UNITED STATES
SECURITIES AND EXCHANGE COMMISSION
Washington, DC 20549
FORM 8-K
CURRENT REPORT
Pursuant to Section 13 or 15(d) of the
Securities Exchange Act of 1934
Date of Report: November 3, 2011
(Date of earliest event reported)
TENET HEALTHCARE CORPORATION
(Exact name of Registrant as specified in its charter)
Nevada | 1-7293 | 95-2557091 | ||
(State of Incorporation) | (Commission File Number) | (IRS Employer Identification Number) |
1445 Ross Avenue, Suite 1400
Dallas, Texas 75202
(Address of principal executive offices, including zip code)
(469) 893-2200
(Registrant’s telephone number, including area code)

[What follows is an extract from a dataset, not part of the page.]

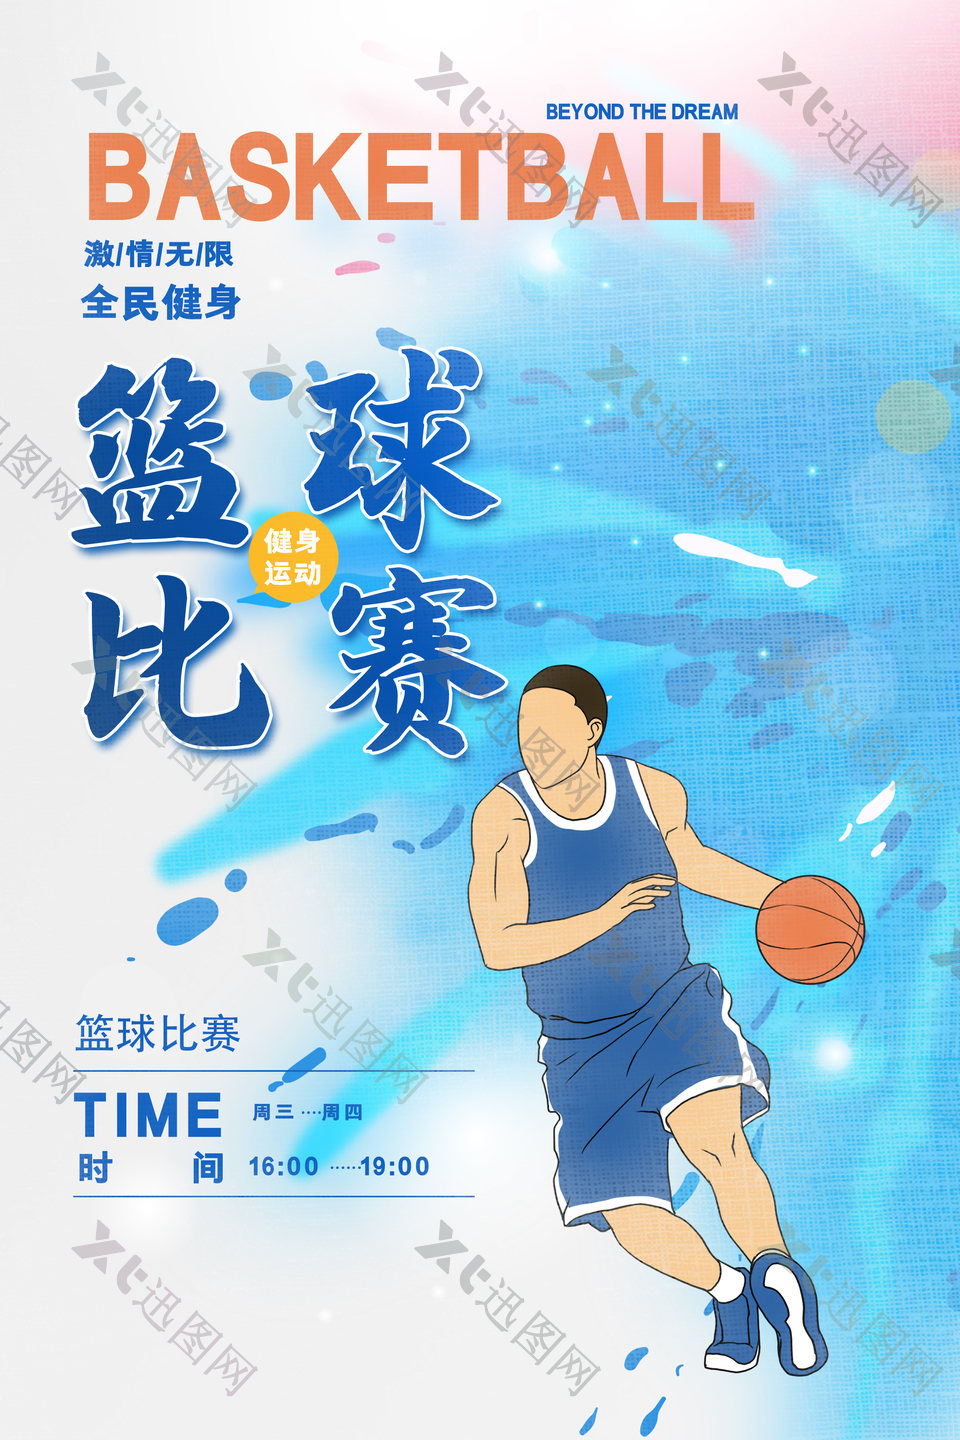 全民健身创意篮球比赛海报素材

Check the appropriate box below if the Form 8-K filing is intended to simultaneously satisfy the filing obligation of the Registrant under any of the following provisions:
¨ | Written communications pursuant to Rule 425 under the Securities Act (17 CFR 230.425) |
¨ | Soliciting material pursuant to Rule 14a-12 under the Exchange Act (17 CFR 240.14a-12) |
¨ | Pre-commencement communications pursuant to Rule 14d-2(b) under the Exchange Act (17 CFR 240.14d-2(b)) |
¨ | Pre-commencement communications pursuant to Rule 13e-4(c) under the Exchange Act (17 CFR 240.13e-4(c)) |
Item 5.07 Submission of Matters to a Vote of Security Holders.
(a) The 2011 annual meeting of shareholders of Tenet Healthcare Corporation was held on November 3, 2011.
(b) The shareholders (1) elected all of the board’s nominees for director, (2) approved an advisory resolution on the compensation paid to the company’s named executive officers, (3) indicated their preference that future advisory votes on executive compensation be held annually, and (4) ratified the selection of Deloitte & Touche LLP as the company’s independent registered public accountants for the year ending December 31, 2011.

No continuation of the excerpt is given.